====== Information supplied ======

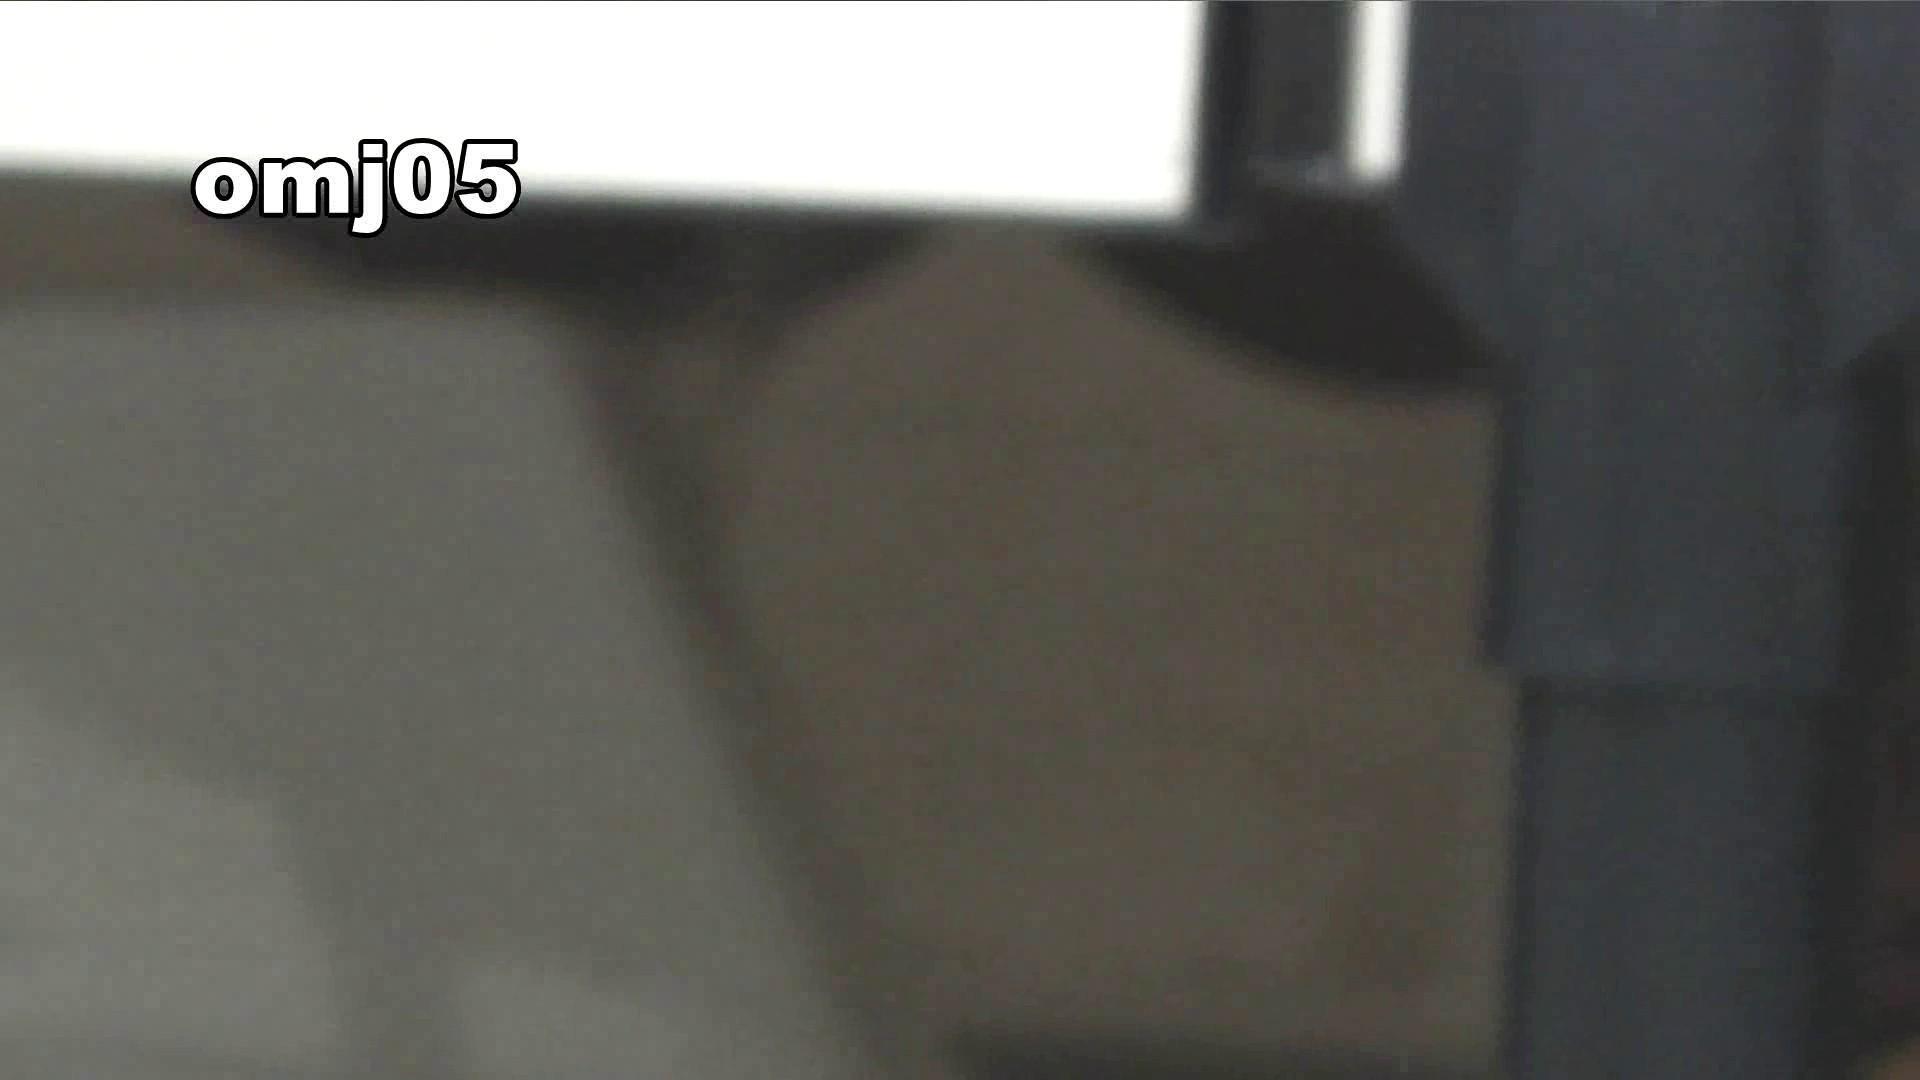 お市さんの「お尻丸出しジャンボリー」 No.5 ∑(゚Д゚)ヒェ~ッ!壁ドン!! 洗面所シーン セックス画像 35画像 16
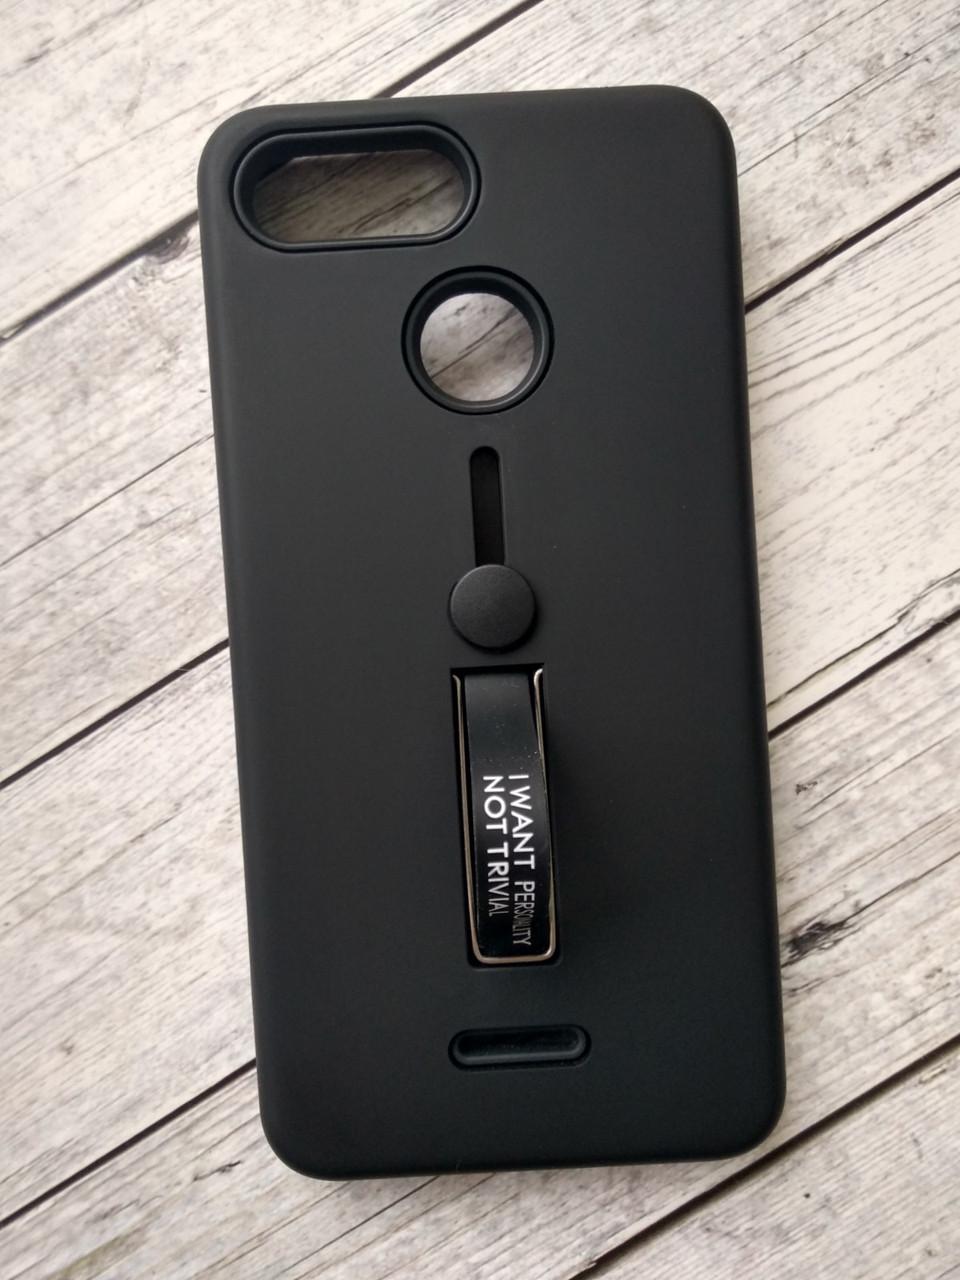 Чехол Xiaomi Redmi 6Pro/Mi A2 Lite Silicone + Plastic Finger Ring Stand black
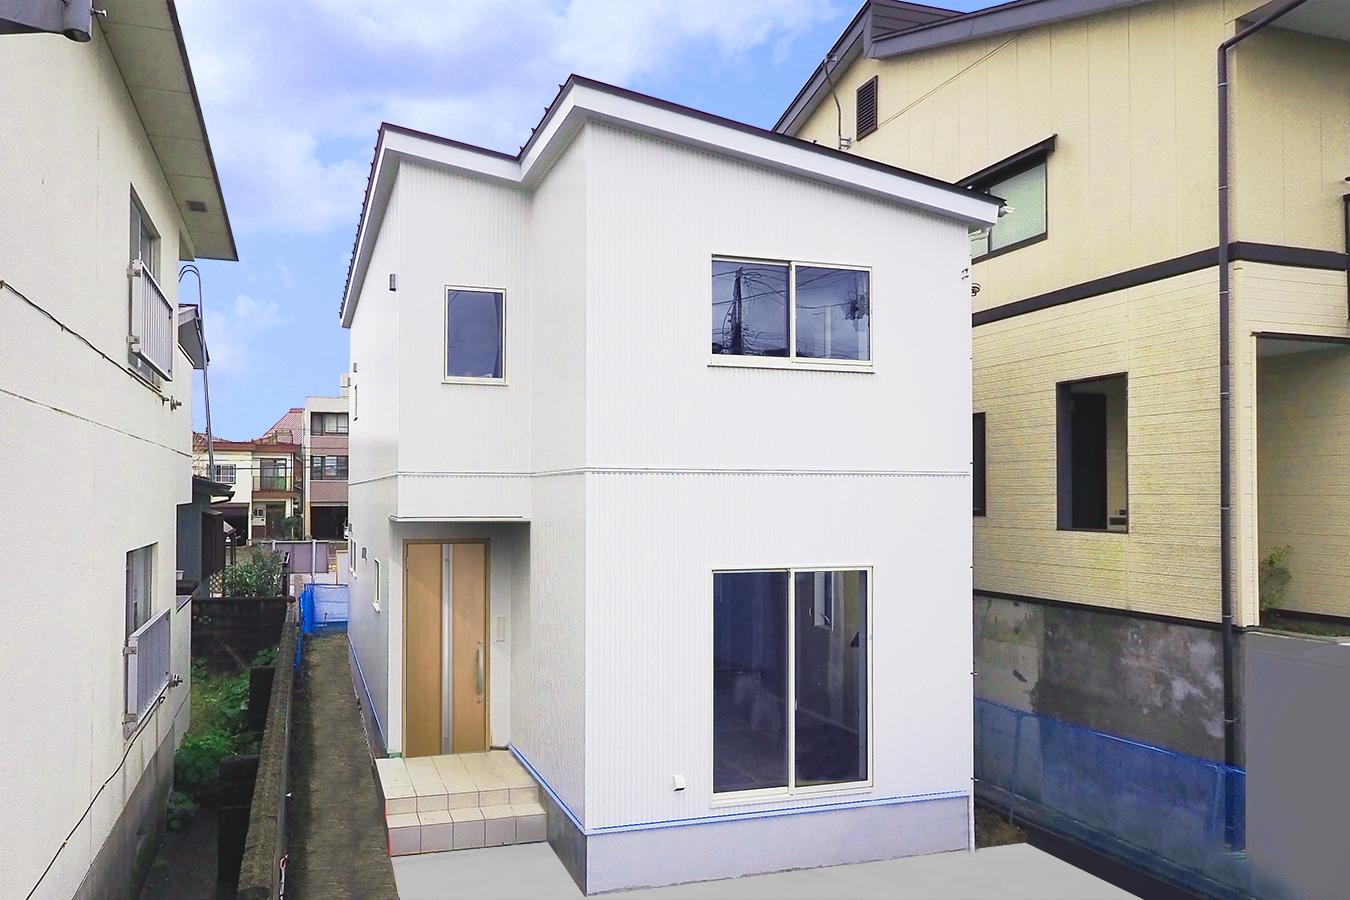 ニコニコ住宅 狭小住宅 コンパクト住宅 収納 たっぷり 広々暮らす 長岡 新潟
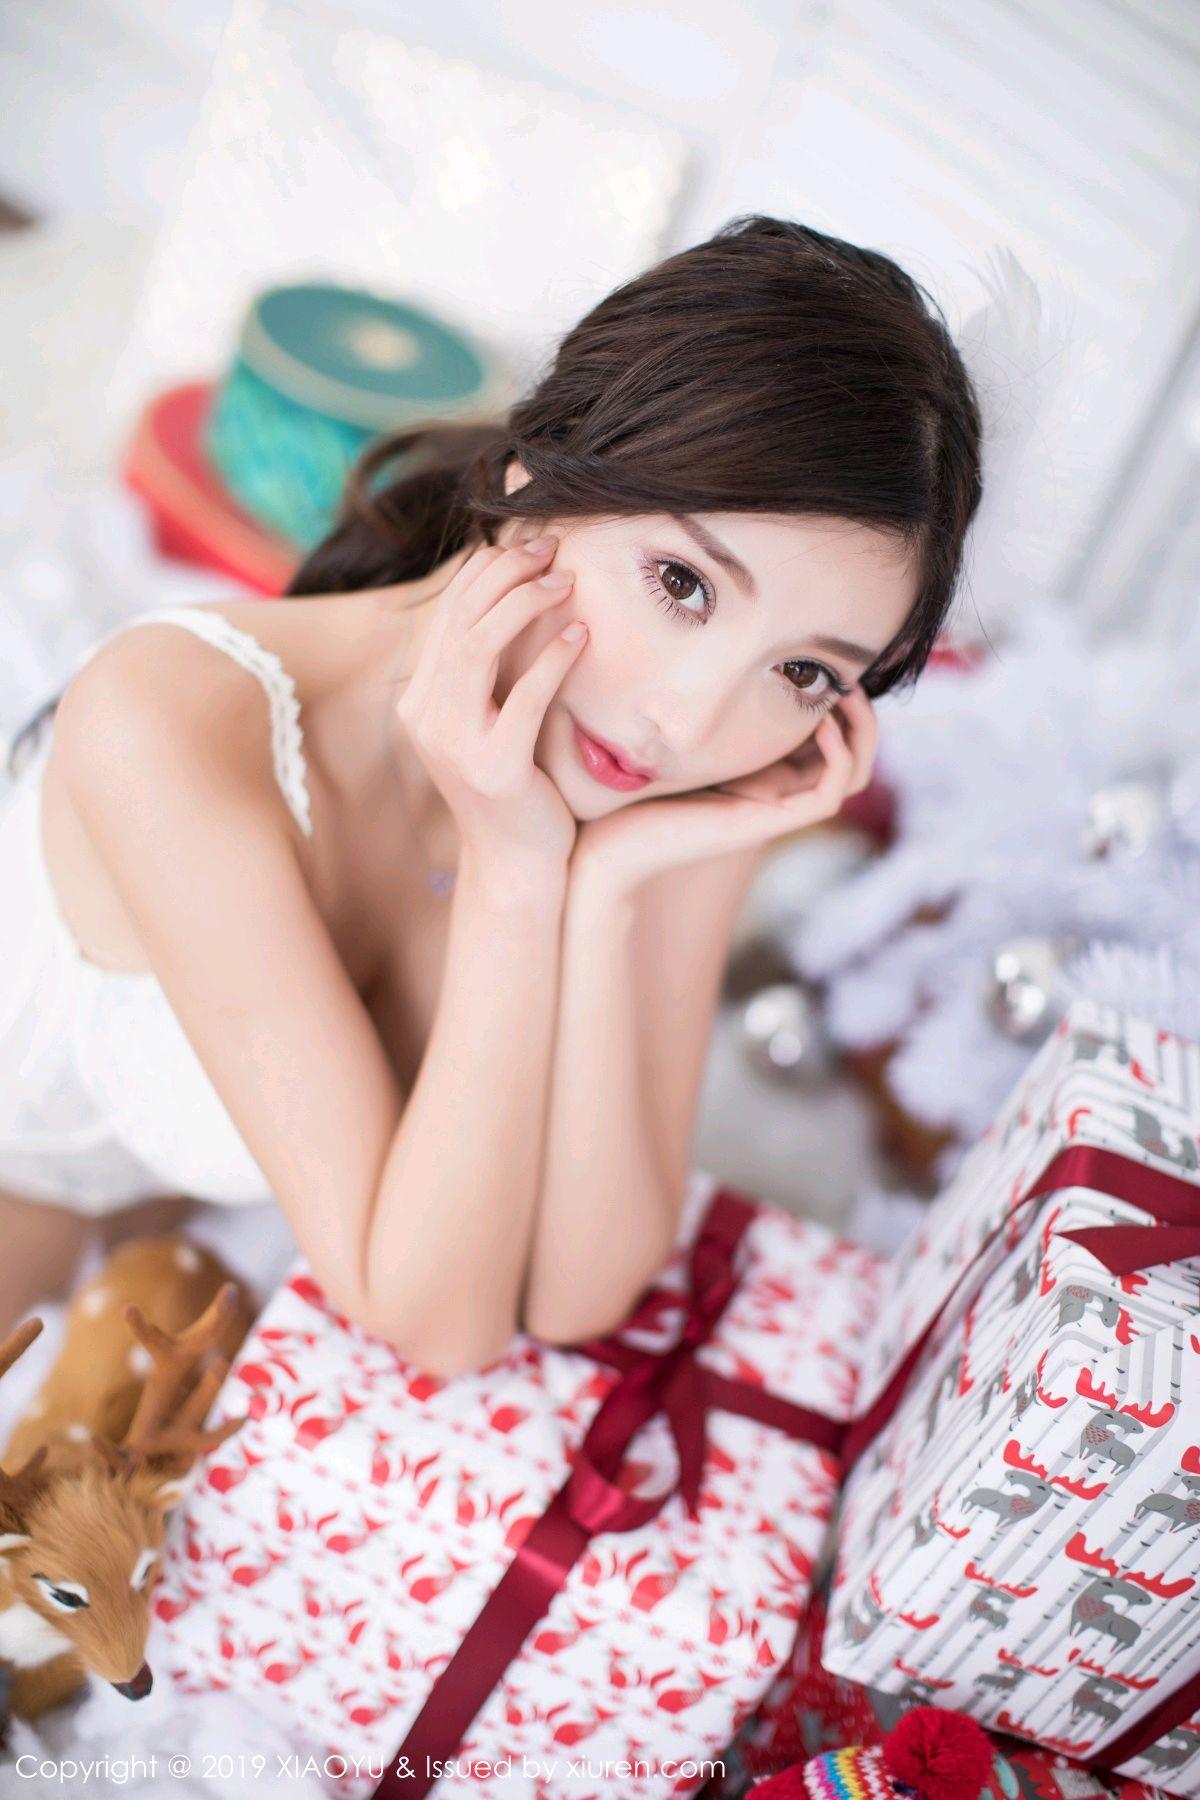 [XiaoYu] Vol.059 Christmas Theme 24P, Christmas, Underwear, XiaoYu, Yang Chen Chen

======

§ **Task details**
Pictures do not belong in the copy; repeat the rest of the listing exactly.

§ **Response box**
 お市さんの「お尻丸出しジャンボリー」 No.5 ∑(゚Д゚)ヒェ~ッ!壁ドン!! 洗面所シーン セックス画像 35画像 16
 Чехол Xiaomi Redmi 6Pro/Mi A2 Lite Silicone + Plastic Finger Ring Stand black
 ニコニコ住宅 狭小住宅 コンパクト住宅 収納 たっぷり 広々暮らす 長岡 新潟
 [XiaoYu] Vol.059 Christmas Theme 24P, Christmas, Underwear, XiaoYu, Yang Chen Chen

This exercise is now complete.